Records to process START

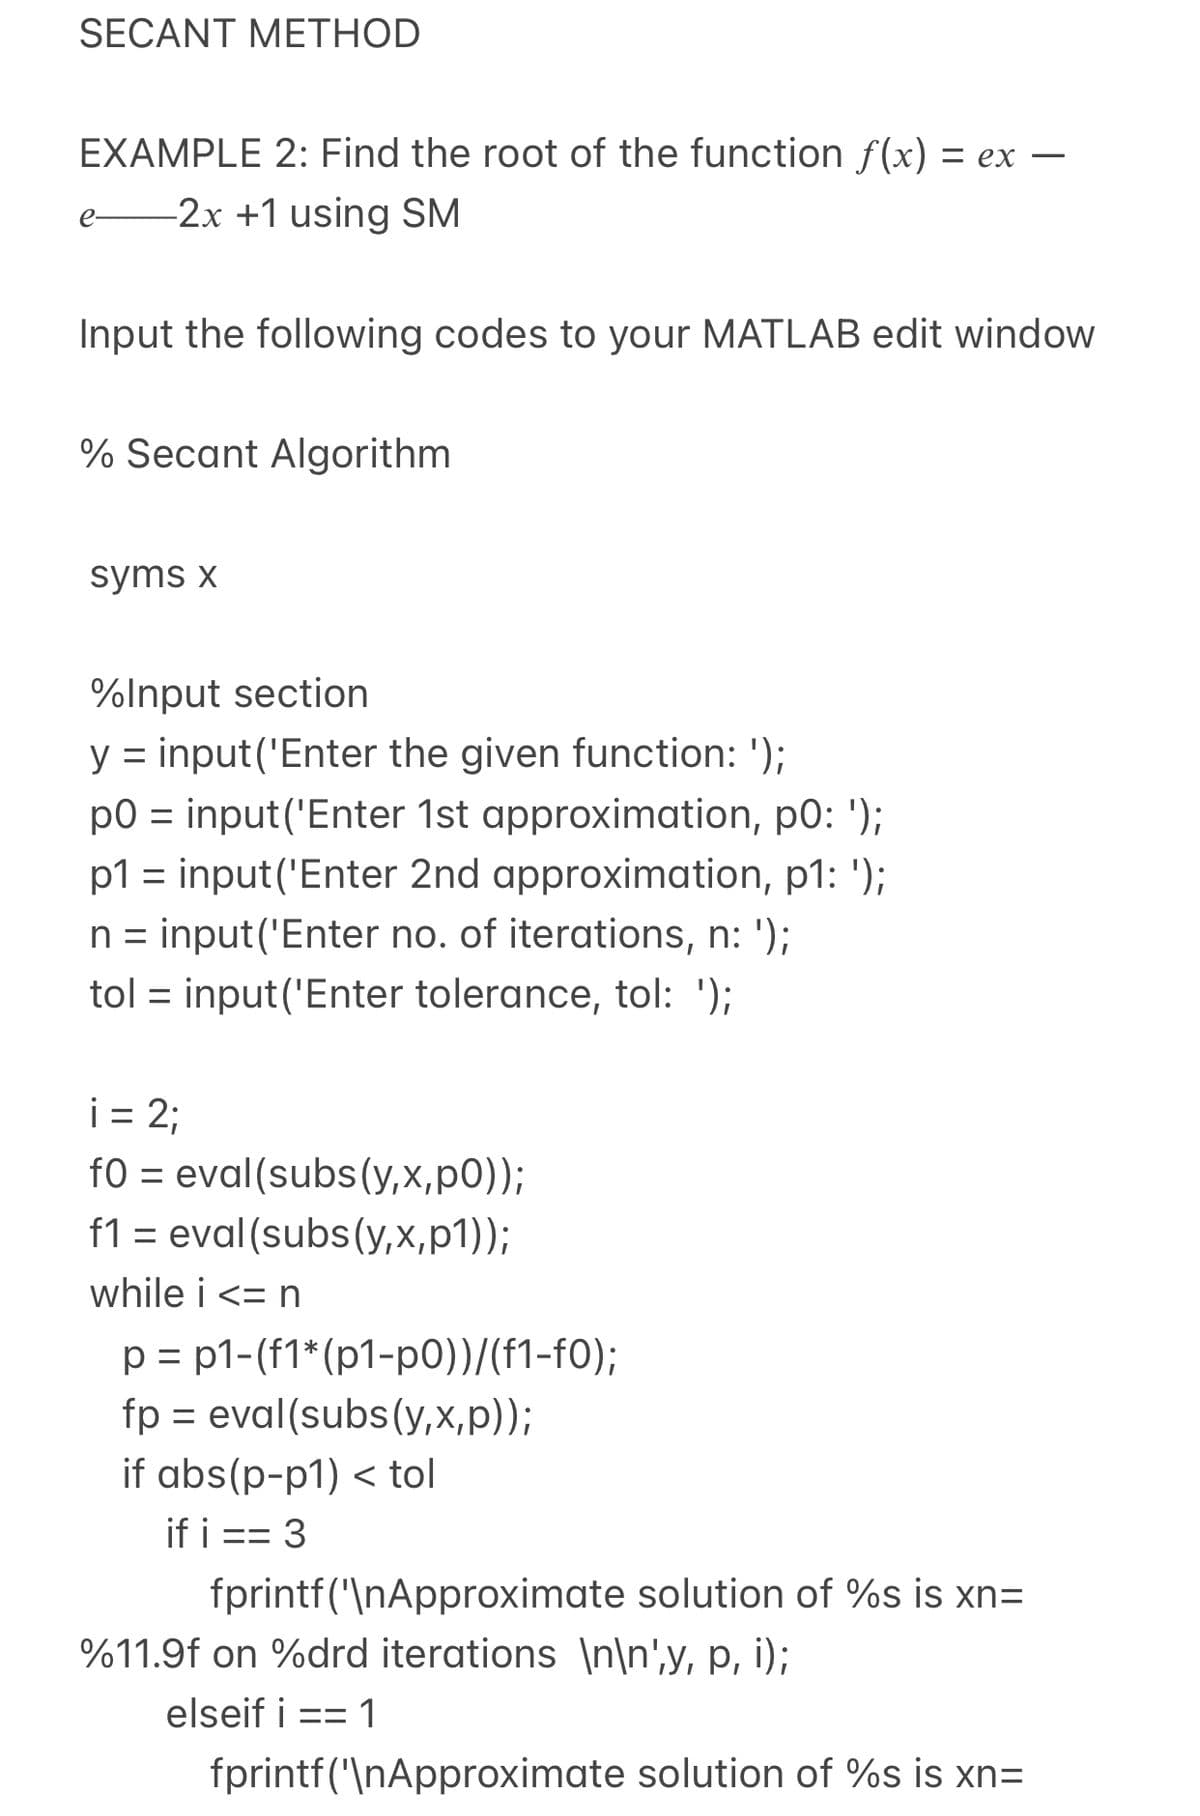 SECANT METHOD
EXAMPLE 2: Find the root of the function f(x) = ex
-2x +1 using SM
e-
Input the following codes to your MATLAB edit window
% Secant Algorithm
syms x
%Input section
y = input('Enter the given function: ');
p0 = input('Enter 1st approximation, p0: ');
p1 = input('Enter 2nd approximation, p1: ');
n = input('Enter no. of iterations, n: ');
tol = input('Enter tolerance, tol: ');
i = 2;
fO = eval(subs(y,x,p0));
f1 = eval(subs(y,x,p1));
while i <= n
p = p1-(f1* (p1-p0))/(f1-f0);
fp = eval(subs(y,x,p));
if abs(p-p1) < tol
if i == 3
ニニ
fprintf('\nApproximate solution of %s is xn=
%11.9f on %drd iterations \n\n',y, p, i);
elseif i
==
fprintf('\nApproximate solution of %s is xn=

Records to process END

_Task_
All of the records above must be copied exactly, except for the pictures.

_Written reply_
 SECANT METHOD
EXAMPLE 2: Find the root of the function f(x) = ex
-2x +1 using SM
e-
Input the following codes to your MATLAB edit window
% Secant Algorithm
syms x
%Input section
y = input('Enter the given function: ');
p0 = input('Enter 1st approximation, p0: ');
p1 = input('Enter 2nd approximation, p1: ');
n = input('Enter no. of iterations, n: ');
tol = input('Enter tolerance, tol: ');
i = 2;
fO = eval(subs(y,x,p0));
f1 = eval(subs(y,x,p1));
while i <= n
p = p1-(f1* (p1-p0))/(f1-f0);
fp = eval(subs(y,x,p));
if abs(p-p1) < tol
if i == 3
ニニ
fprintf('\nApproximate solution of %s is xn=
%11.9f on %drd iterations \n\n',y, p, i);
elseif i
==
fprintf('\nApproximate solution of %s is xn=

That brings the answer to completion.